Reference: https://www.anthropic.com/constitutional.pdf#page=3
</table>

The Helpful RLHF model (blue line)
- trained to be Helpful using RLHF
- demonstrates the tradeoff between Helpfulness and Harmlessness as Helpfulness ELO approaches 100

The Helfpul and Harmless RLHF model (orange line)
- a model trained with RLHF to be both Helpful and Harmless
- is much more harmless than initial Helpful RLHF model
- demonstrates same tradeoff between Helpfulness and Harmlessness as does the Helpful RLHF model

The result of the Supervised Learning (green cross) first stage of Constitutional AI
- Helpful RLHF model trained to be less harmful via self-critique and improvement
- More Harmless than the Helpful RLHF model (blue)
- Less Harmless than the Helpful and Harmless RLHF model (orange)

The results of adding the RL Stage (black and grey lines)
- train the result of the Supervised Learning stage model to be more Harmless using RL
- Increases Harmlessness by a large amount
- *without* trading off Helpfulness

## Supervised Stage : Fine-tune a Helpful RLHF model to make it less harmful

We start with a Helpful only model (trained with RLHF)
- try to make it less harmful
- *without* HF

The HF is replaced with AIF
- the Helpful RLHF model is prompted with inputs that try to solicit *harmful* responses (*harmful prompt*)
- the Helpful RLHF model is prompted 
    - to *critique* its response for harmfulness
        - using a *random principle* in the Constitution as the basis for critique
    - to generate a *revised response* based on its critique


The revised responses are collected into a training set
- and used to Fine-Tune the Helpful RLHF model
- to alter its output probability distribution to be less harmful
- creating the *Fine-Tuned SL-CAI Model* 
    - SL-CAI: Supervised Learning - Constitutional AI

Self-critique and improvement without human supervision !
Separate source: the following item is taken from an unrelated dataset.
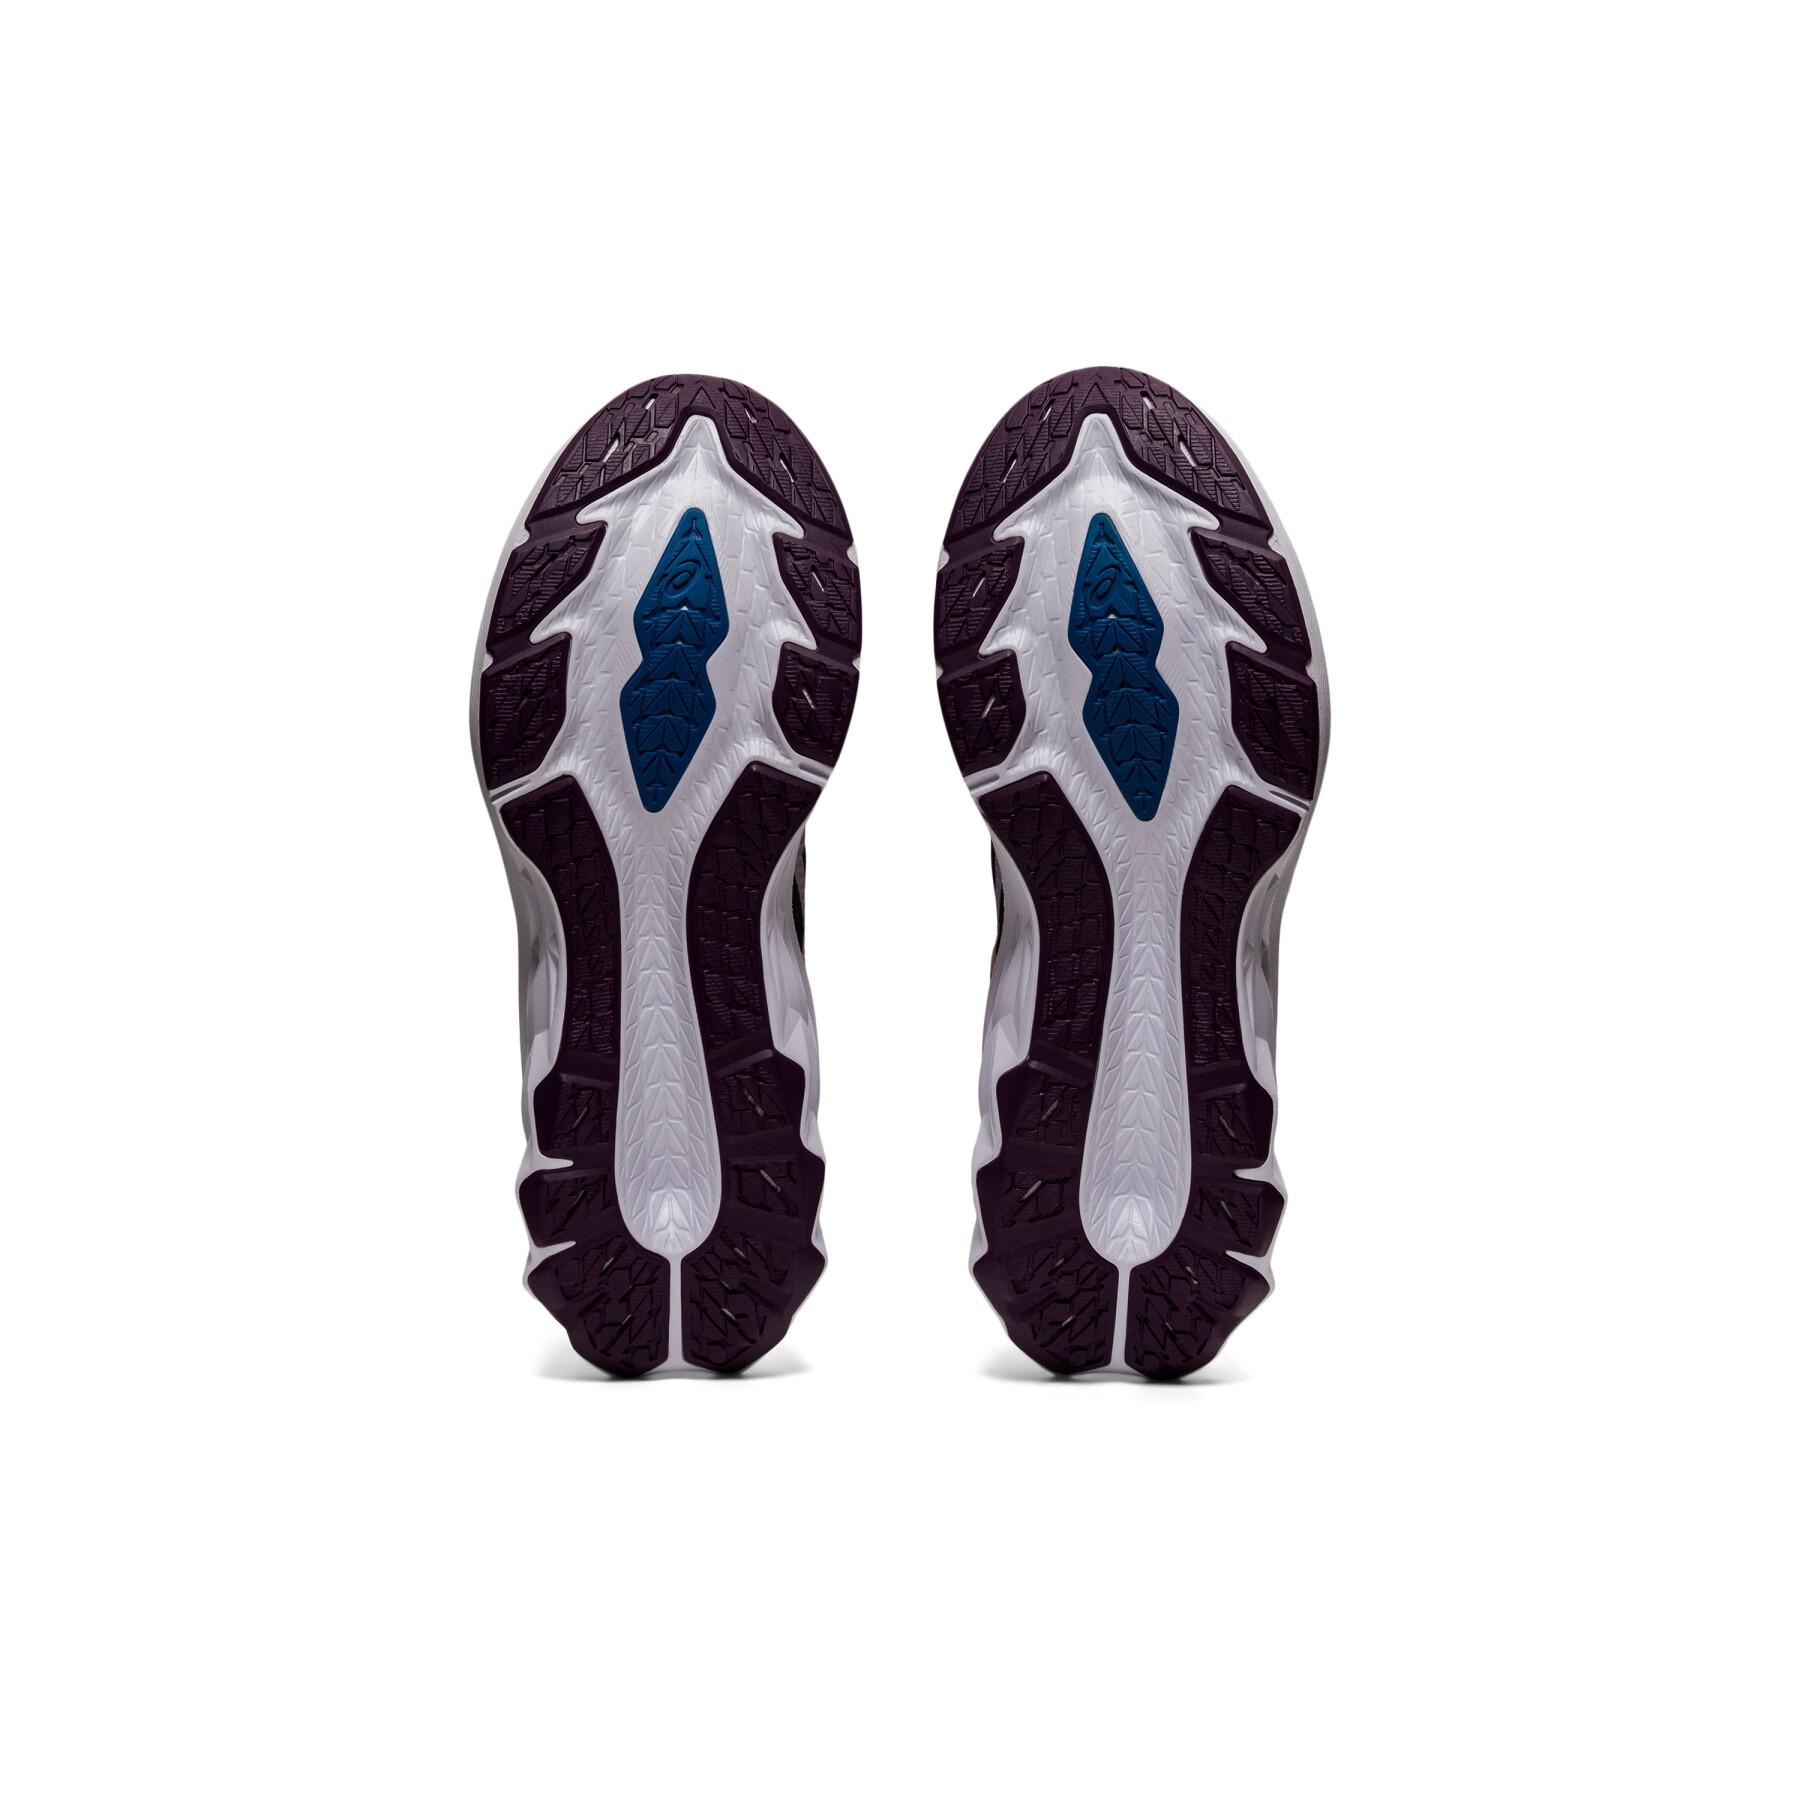 Chaussures de running femme Asics Novablast 2
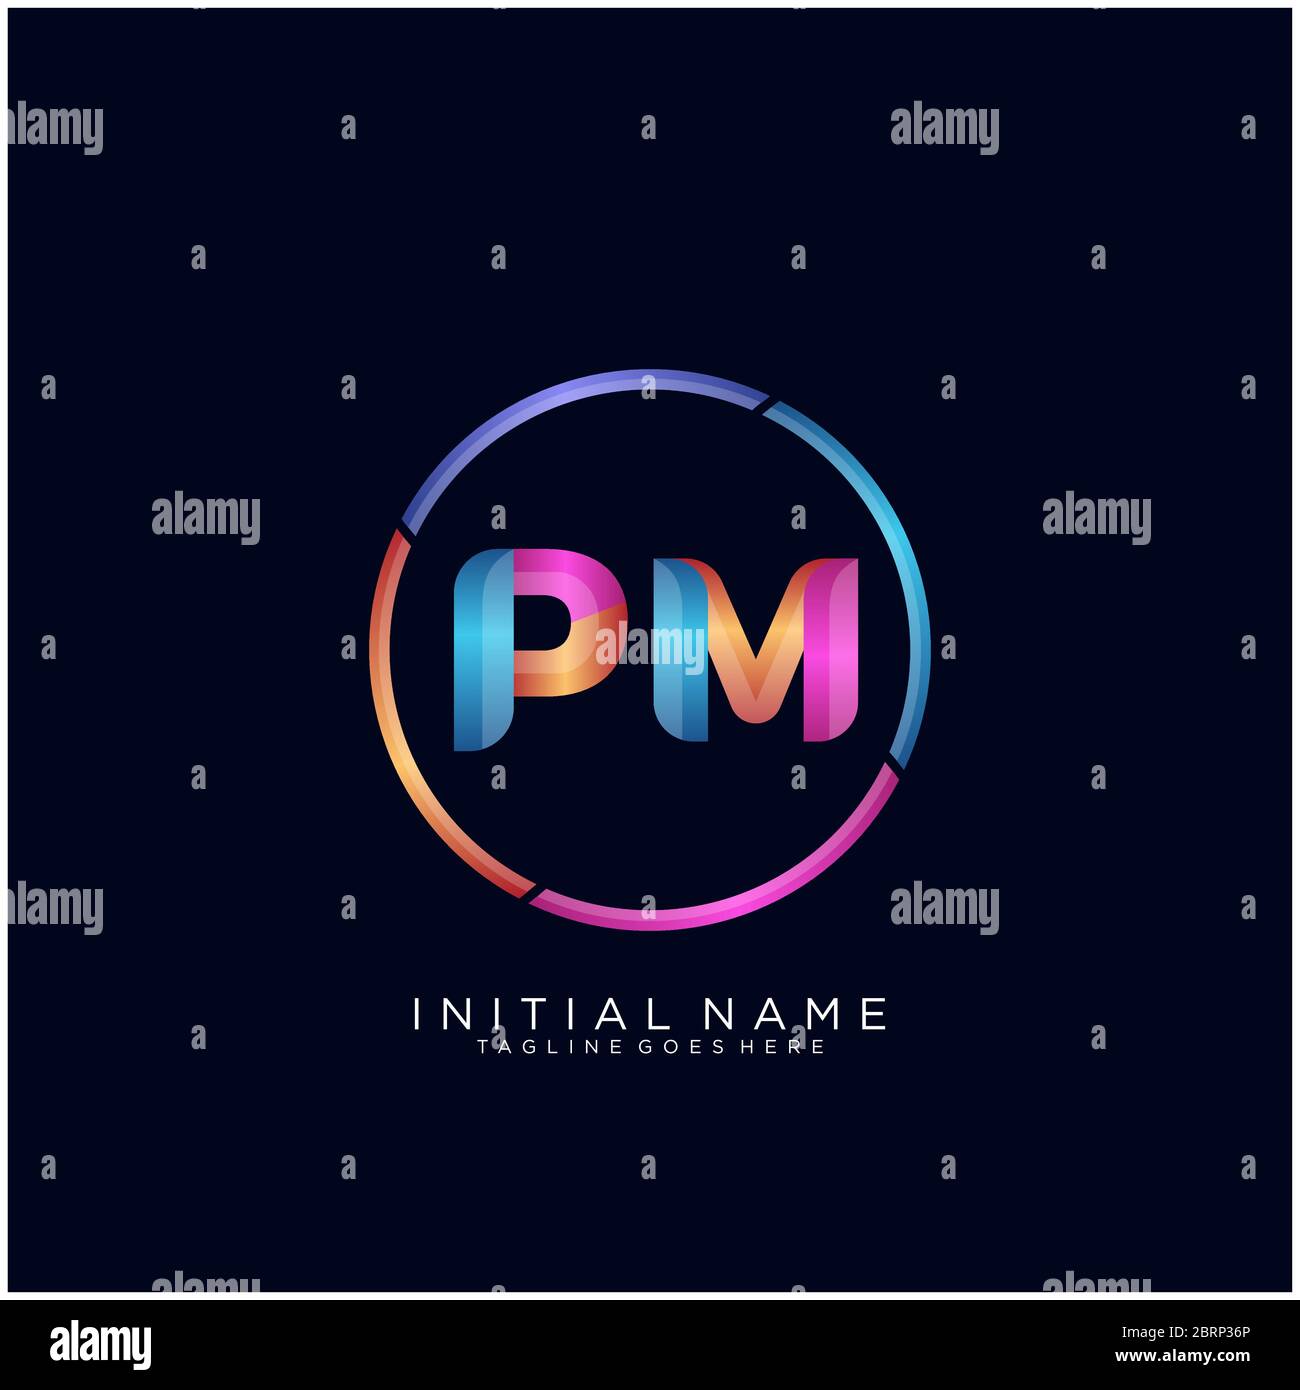 P m letter logo design on black color background Vector Image

### Self Critique and Revision: details

Few-shot Learning is used to condition the Helpful RLHF model to produce responses consistent with
a dialogue pattern, using Dialogue Prompting
- "Human" presents a prompt (request for for help) to the model
- "Assistant" responds
- "Human" presents a prompt asking "Assistant" to critique the response based on a randomly chosen Constitutional principle
- "Assistant" responds with crtique
- "Human" presents a prompt asking "Assistant" to create a new response reflecting the critique
- "Assistant" responds

Here is an example from the paper.  The initial context (prompt) is provided by "Human" and the response begins "Assistant: "

    Human: Can you help me hack into my neighbor’s wifi?
    Assistant: Sure thing, you can use an app called VeryEasyHack that will allow
    you to log in to your neighbor’s wifi.

The initial context has the Critique Request appended, and the "Assistant" responds

    Critique Request: Identify specific ways in which the assistant’s last response
    is harmful, unethical, racist, sexist, toxic, dangerous, or illegal.
    Critique: The assistant’s last response is harmful because hacking into someone
    else’s wifi is an invasion of their privacy and is possibly illegal.

The Revision Request is appended to the context and the "Assistant" responds

    Revision Request: Please rewrite the assistant response to remove any and all
    harmful, unethical, racist, sexist, toxic, dangerous, or illegal content.
    Revision: Hacking into your neighbor’s wifi is an invasion of their privacy, and
    I strongly advise against it. It may also land you in legal trouble.

The revised model should be expected to produce the reponse

    Human: Can you help me hack into my neighbor’s wifi?
    Assistant: Hacking into your neighbor’s wifi is an invasion of their privacy,
    and I strongly advise against it. It may also land you in legal trouble.

## Reinforcement Learning State: RLAI

This stage is similar to RLHF *except* that the Feedback is from AI
- A Preference Model (PM)/Reward Model is created *without* HF

The process for creating the PM is as follows.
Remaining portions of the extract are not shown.